International lithium: all bets are on the Argentine Salares
Latin America is not the only place with lithium rich brines and salt-pans but it was the focus of the first wave of de novo attention on the lithium space in 2009. In the first flush of lithium enthusiasm the mid-Andean region became a hot spot for its ample resource of lithium/potassium brine lakes, called salares by the locals.
The Puna plateau, covers a portion of Argentina, Chile and Bolivia. It is at an elevation of around 4,000m and contains the largest concentration of economic evaporate deposits in the world. The evaporate deposits are formed by intense evaporation under hot dry air in a closed basin.
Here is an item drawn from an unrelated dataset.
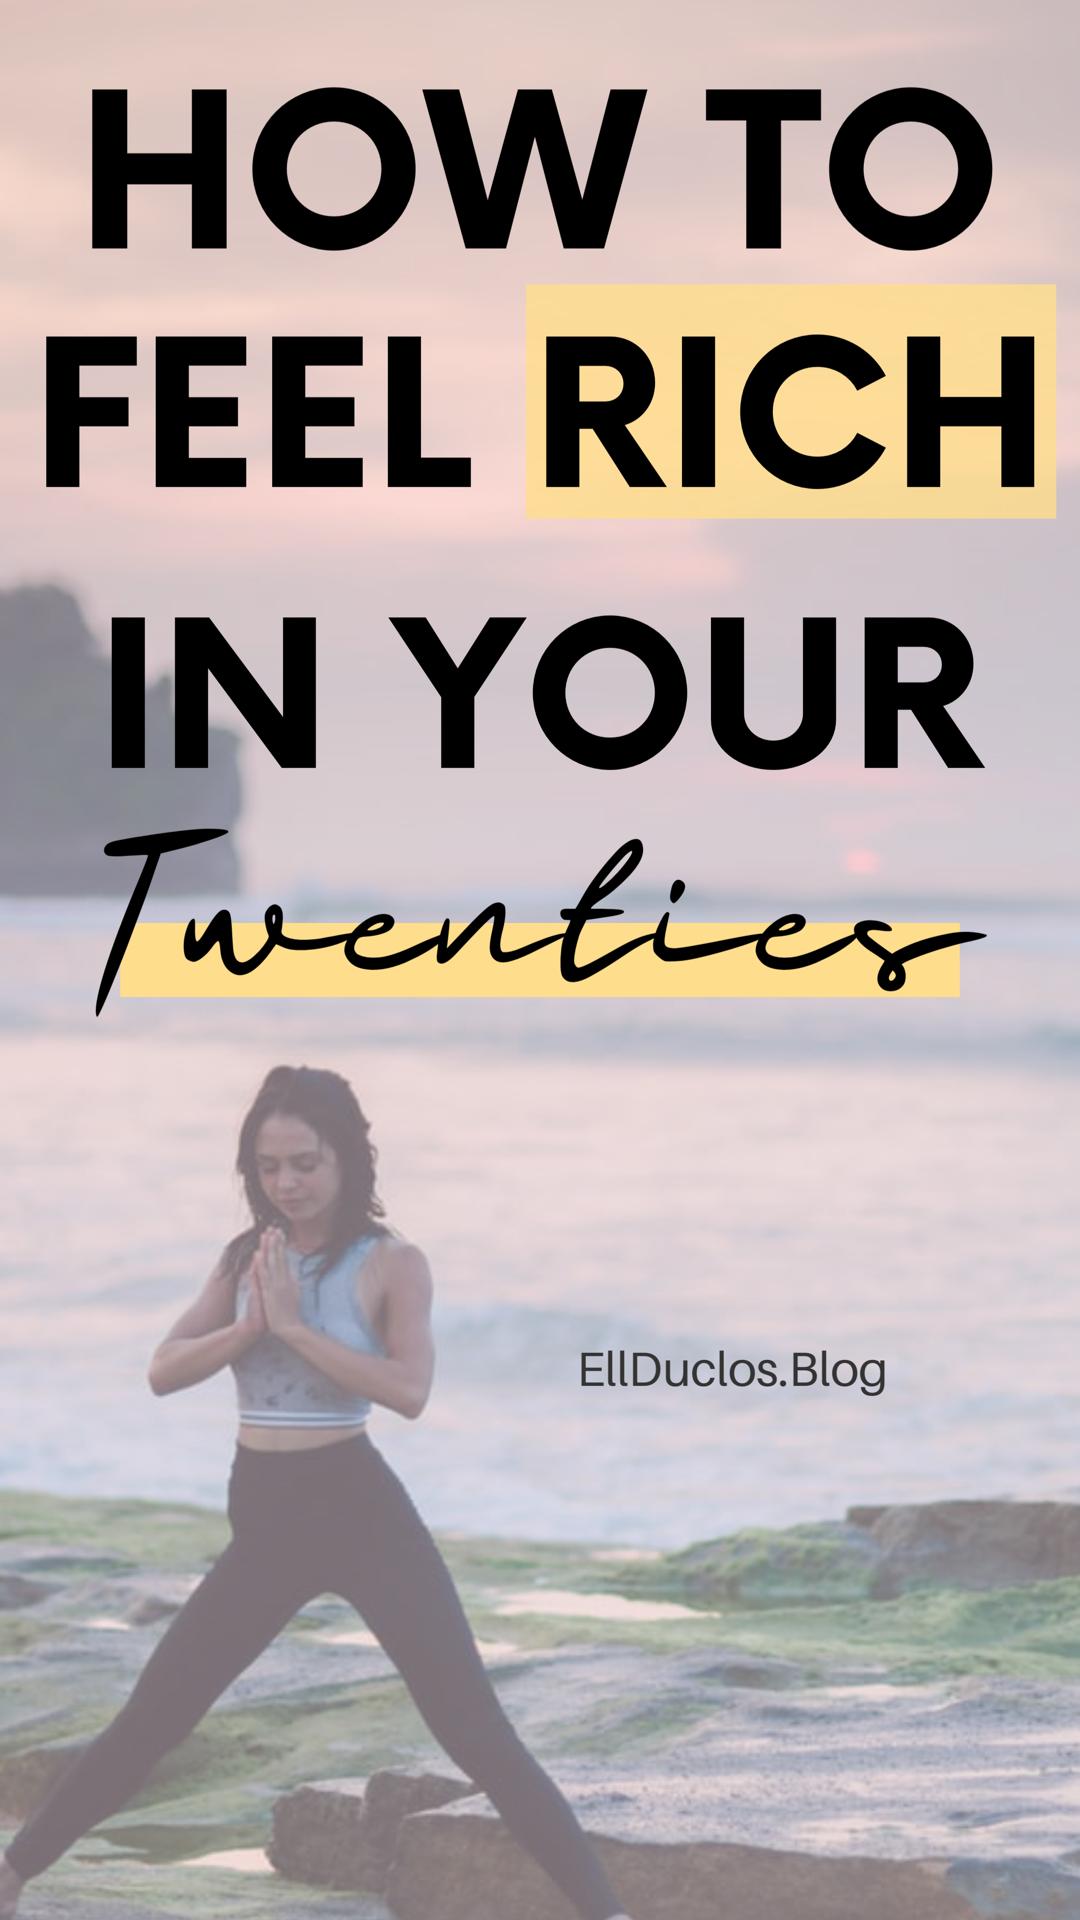 How To Feel Rich In Your Twenties

The brine, under the crust formed on the surface of the salt lakes, contains high concentrations of sodium, lithium, potassium, magnesium and boron (the major element of borax).
Also interesting in the LatAm lithium lakes is the associated potash deposits.
The Argentine Salares
There are around 50 salares located within the Antofallos-Pocitos volcanic rift valley in the high Andean plain.
On the Argentine side of the border there are a couple of currently producing deposits:
FMC Corp.’s Fenix brine complex located on Salares Hombre Muerto in Argentina contains high uniform concentrations of lithium with low levels of other contaminants and is the fifth largest lithium producer in the world
Orocobre’s Tincalayu complex (bought from RTZ) also located on Salares Hombre Muerto in Argentina and is South America’s largest borate mining operation
Orocobre’s Olaroz project which has been threatening to get into commercial production for several years and has recently achieved the goal after many slips along the way.
One thing worth noting also is the partial ownership that many of the players have in their salares. Owning part of a salt-pan is rather clear cut as the material to be excavated is solid. However, in a brine lake the first mover gets the distinct advantage of being able to take out the best material before the slowpokes can do anything about it. The brines have different densities (and thus different grades) at different depths. Draining the best densities is not a task that respects theoretical lines on the surface of a liquid body. This is similar to a common problem in the oil industry but in this case, it seems to us almost more egregious.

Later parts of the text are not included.